Specifically, foreign branches often transmitted payment requests to Crédit Agricole’s New York branch using non-transparent payments messages that did not disclose the identity of the remitter or beneficiary. “As a result Specially Designated Nationals (SDNs).

“Foreign branches often transmitted payment requests to Crédit Agricole’s New York Branch using nontransparent SWIFT payments messages that did not disclose the identity of the remitter or beneficiary,” the NYDFS said. ”As a result of not having a complete picture of the transactions, Crédit Agricole’s New York Branch’s compliance processes and controls were ineffective, and fewer alerts or red flags were raised than would have been if full information had been shared.”

From its Geneva branch, the bank developed and implemented policies and procedures for processing these U.S. dollar-denominated transfers through the New York branch in a manner that was designed to conceal relevant information that would permit the institutions and their regulators to determine whether the transactions were lawful and consistent with New York State and U.S. laws and regulations.

Many of the bank’s policies and procedures to omit identifying details about sanctioned parties to U.S. dollar transactions were reviewed and approved by its highest level legal and compliance staff at the Geneva branch.
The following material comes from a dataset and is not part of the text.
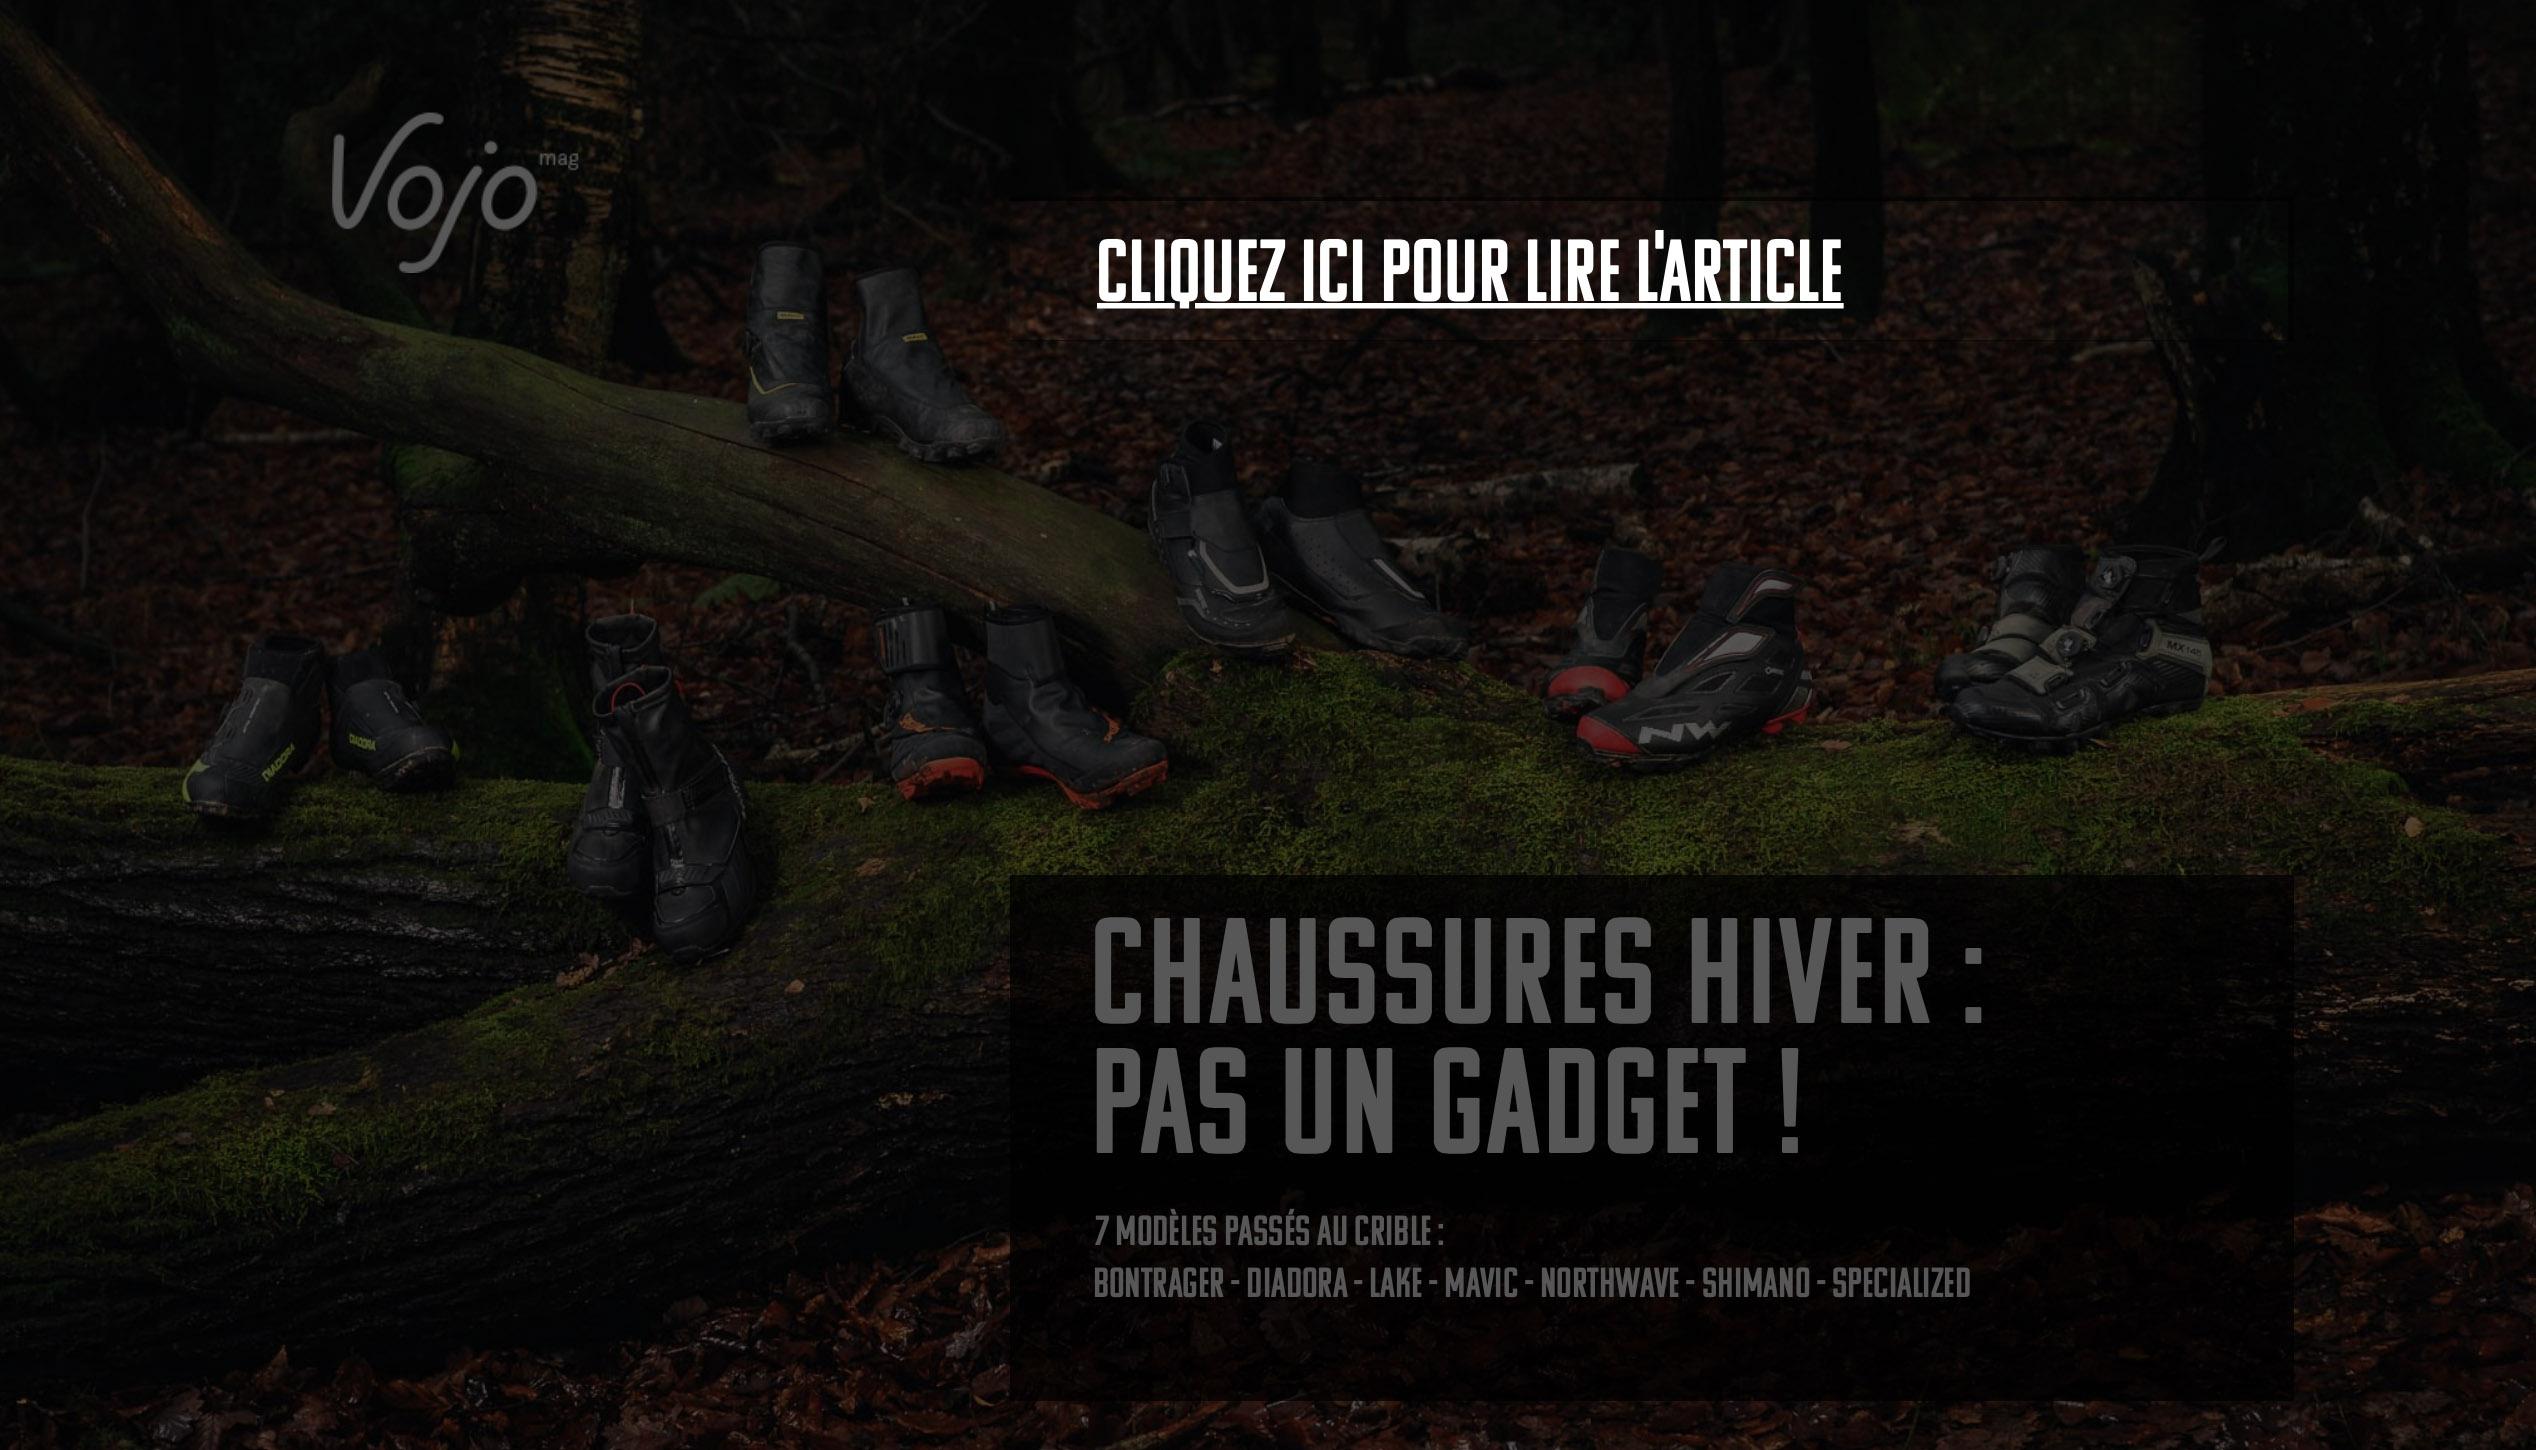 Dossier_chaussures_hiver_vojo

Accordingly, it was the policy of the bank, as directed by its Geneva compliance professionals, to remove or omit Sudanese, Iranian, Burmese or Cuban information from U.S. dollar denominated payment messages.
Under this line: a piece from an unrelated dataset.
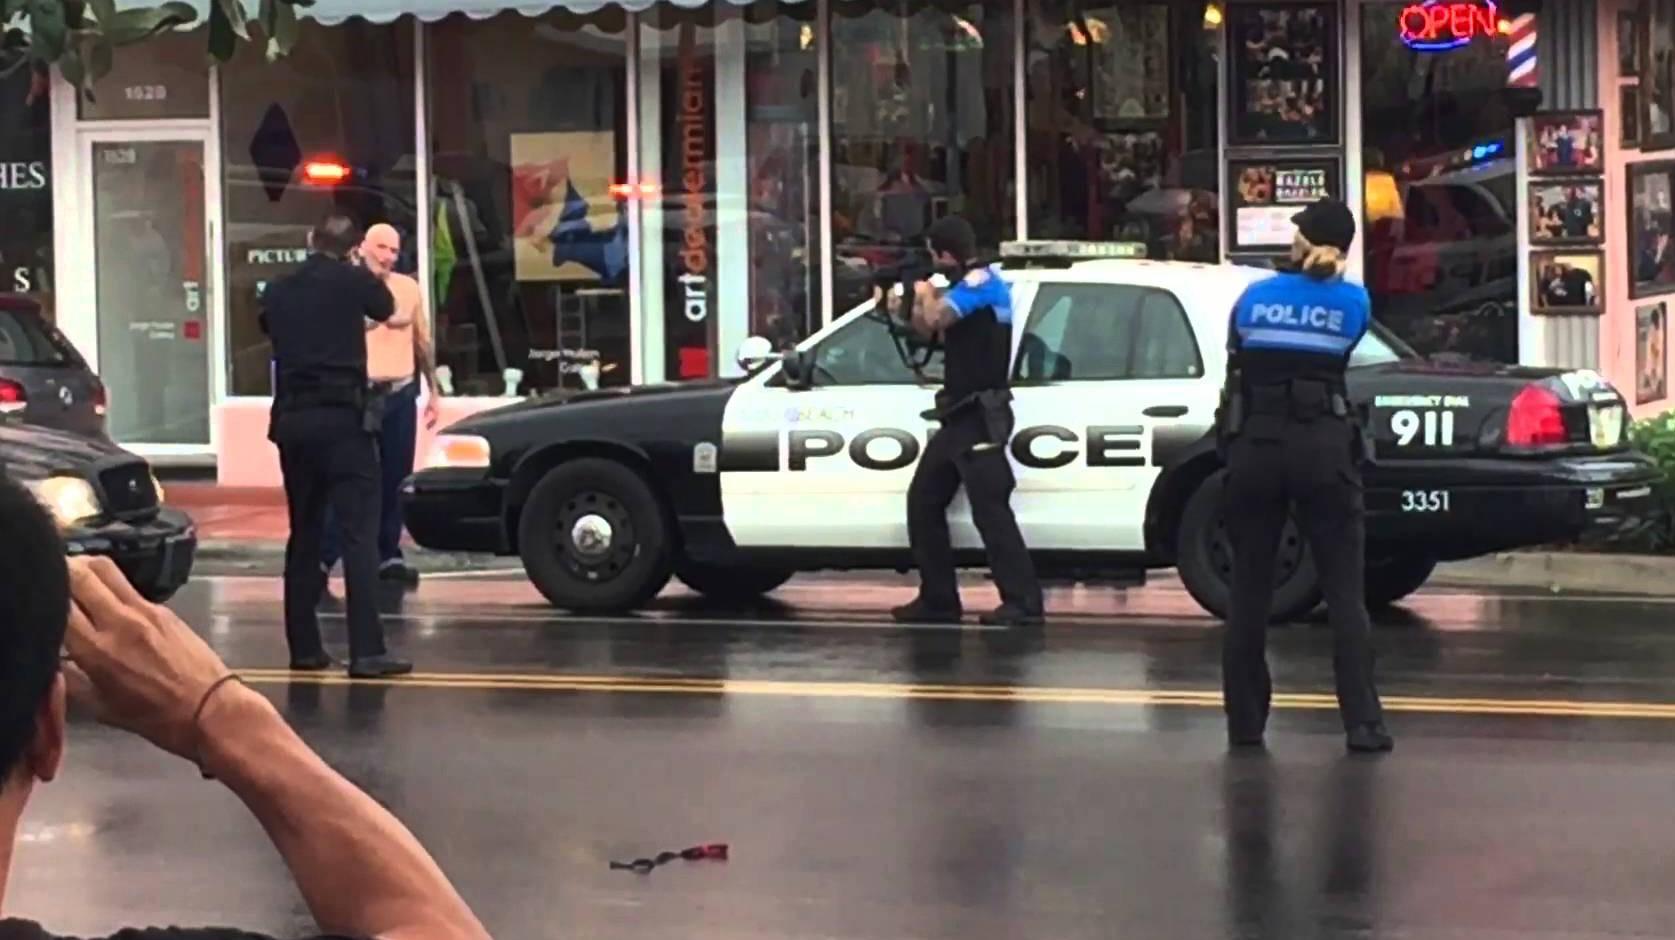 miami beach police shooting, miami police shooting, miami beach police shooting video, miami beach police shooting watch

Personnel in the Geneva office directed, possessed and oversaw these U.S. dollar transactions with the mentality that “Swiss activities are only subject to [laws] in force in the Switzerland and not those aboard.” Furthermore, written economic sanctions directives from the bank’s compliance managers that were in place throughout the review period assured staff that, with respect to U.S. dollar transactions, “the effect of the OFAC [SDN] list does not have any reach (outside of the United States).”

“In addition, interviews of numerous bank employees, including its legal and compliance professionals, revealed that many of the bank’s staff who were involved with, or had knowledge of, the bank’s business with sanctioned parties claimed ignorance of U.S. sanctions laws and the fact that they applied or could be applied to foreign banks engaged in U.S. dollar denominated transactions—despite contrary admonitions from their colleagues at the New York Branch,” the NYDFS stated.
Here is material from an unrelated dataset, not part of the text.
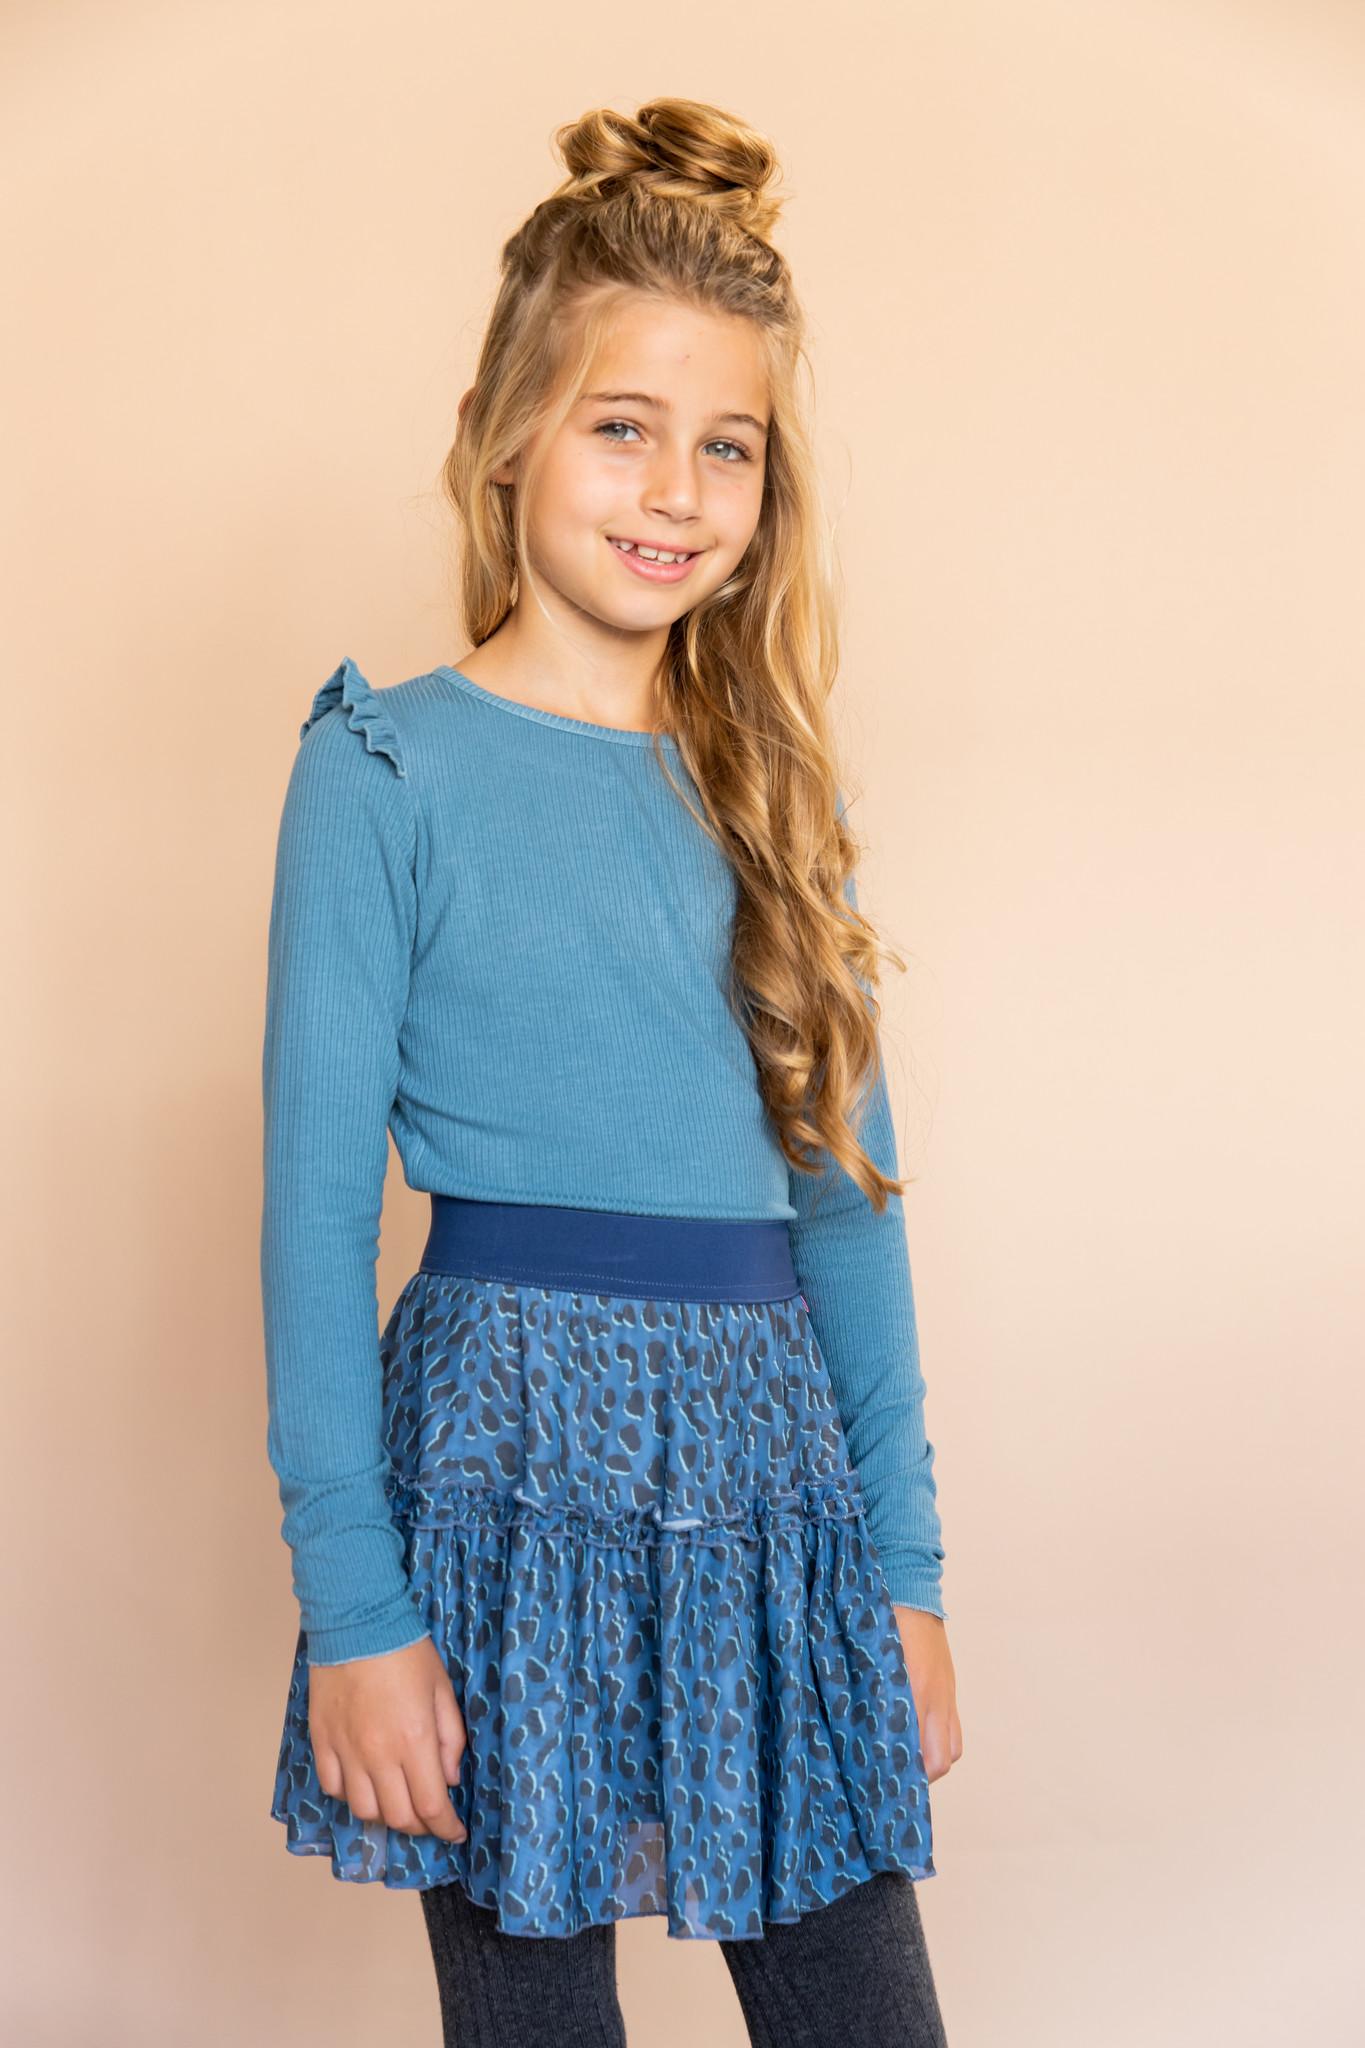 Mayce Girlslabel lookbook winter 2022-2

Although Crédit Agricole has terminated most of the employees involved in the improper conduct, one of those individuals remains employed by the bank: a relationship manager who at the time had responsibility for Iranian clients and drafted the 2005 memo detailing the bank’s policy on non-transparency related to U.S. dollar payments for Iranian clients. NYDFS said it has ordered the bank “to take all steps necessary” to terminate this individual.